4.17. Beta Diversity Analysis
Beta diversity was analyzed using the photoseq (v1.40.0) package in R (v4.2.0) to calculate UniFrac distances and construct a UPGMA clustering tree. Principal component analysis (PCA), principal coordinates analysis (PCoA), and non-metric multidimensional scaling (NMDS) were visualized using R software. PCA was conducted using the stats package (v4.2.0), while PCoA and NMDS analyses utilized the photoseq package (v1.40.0). Intergroup differences in beta diversity were evaluated using parametric and nonparametric tests. The t-test and Wilcoxon signed-rank test were used for comparisons between two groups, while Tukey’s test and the Kruskal–Wallis test were applied for multiple groups.

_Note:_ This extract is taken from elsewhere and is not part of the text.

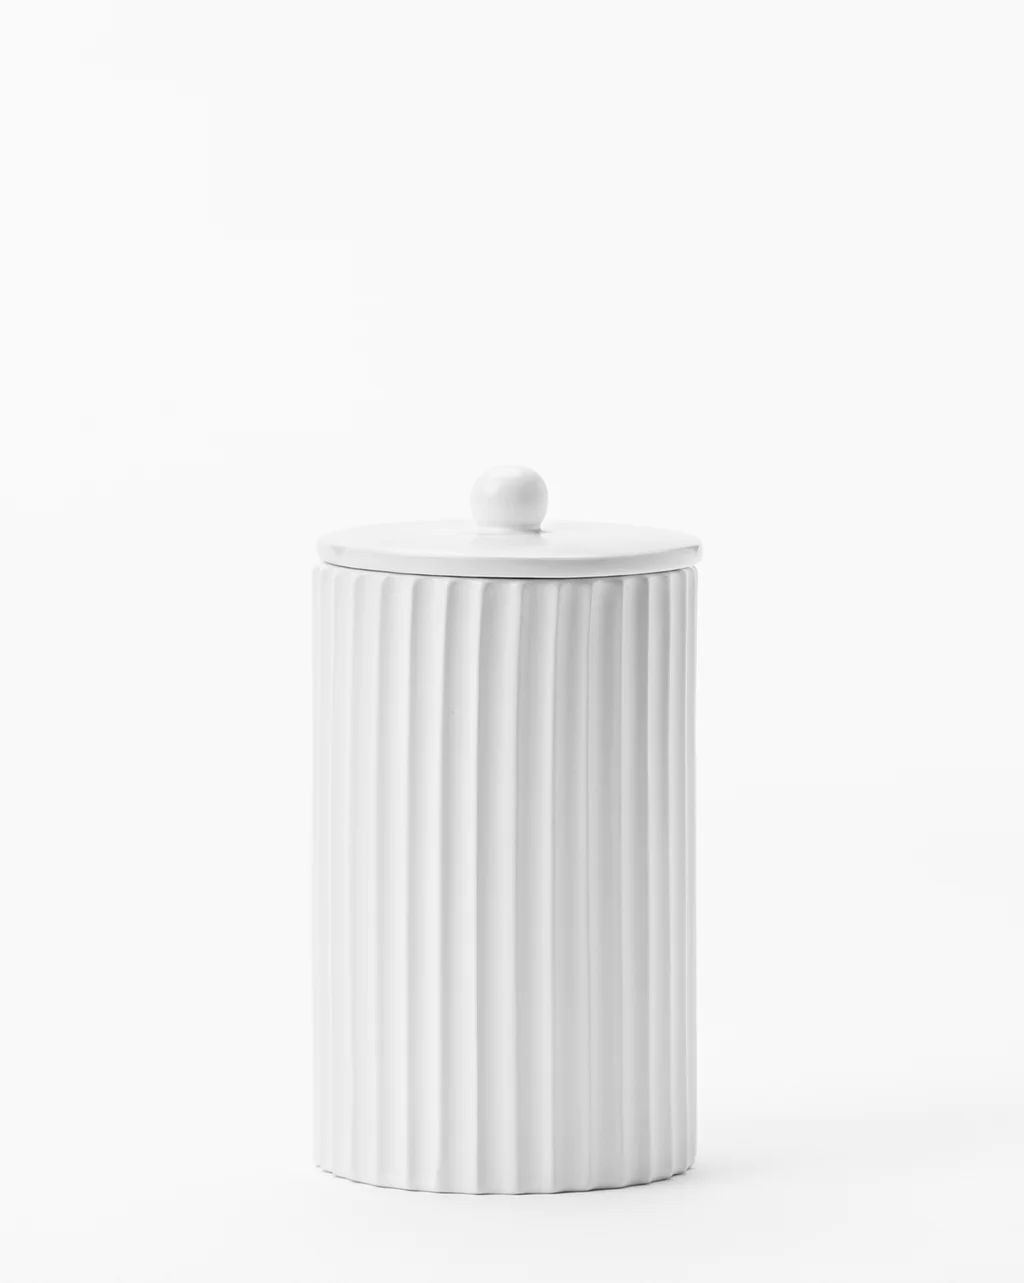 Fluted Lidded Bathroom Canister | McGee & Co.

4.18. Differential Analysis
LEfSe analysis (v1.1.2, Boston, MA, USA) was performed with an LDA score threshold of 3.6 to identify significantly different taxa. Metastats analysis, conducted using Mothur software (Mothur software, v1.48.0, Ann Arbor, MI, USA), involved inter-group permutation tests at various taxonomic levels (phylum and species) to obtain p-values, which were corrected using the Benjamin-Hochberg false discovery rate (FDR) method to yield q-values. ANOSIM, MRPP, and Adonis tests were performed using the anosim, mrpp, and adonis functions in the R vegan package, respectively. AMOVA analysis was conducted using the amova function in Mothur software. Species with significant intergroup differences were analyzed using t-tests, and results were visualized using R software.
4.19. PCA
Unsupervised principal component analysis (PCA) was performed using the prcomp function in R (
www.r-project.org, accessed on 11 February 2025). The data were preprocessed by applying unit variance scaling prior to PCA.
4.20. Statistical Analysis and False Discovery Rate (FDR) Correction
Benjamini–Hochberg FDR correction was applied to control for multiple comparisons in microbiome and metabolomic analyses. For 16S rRNA sequencing, α-diversity indices (Shannon, Chao1) were assessed using the Kruskal–Wallis test, and β-diversity (Bray–Curtis dissimilarity, weighted UniFrac) was analyzed via PERMANOVA (999 permutations) with R2 values reported. Differential taxa were identified using LEfSe (LDA > 3.0) with FDR-adjusted p-values.
For metabolomic analysis, one-way ANOVA followed by Benjamini–Hochberg post hoc correction was used. If normality assumptions were not met, Kruskal–Wallis tests with appropriate post hoc adjustments were performed. Statistical analyses were conducted in QIIME2 (v2023.2, Boulder, CO, USA), MetaboAnalyst (v5.0, Montreal, QC, Canada), and R (v4.2.0) using the vegan (v2.6.2) and phyloseq packages (v1.40.0).
Data are presented as mean ± SD. Group differences were tested using two-tailed Student’s t-test (with Levene’s test for variance equality) or one-way ANOVA. Welch’s t-test was applied for unequal variances. Statistical significance was set at p < 0.05, unless adjusted for multiple testing.
4.21. Ethics Statement
All animal procedures were approved by the Institutional Animal Care and Use Committee of Inner Mongolia University, China (approval number NMGDX (Wu) 2022-0003) and were performed in accordance with the National Research Council Guide for the Care and Use of Laboratory Animals.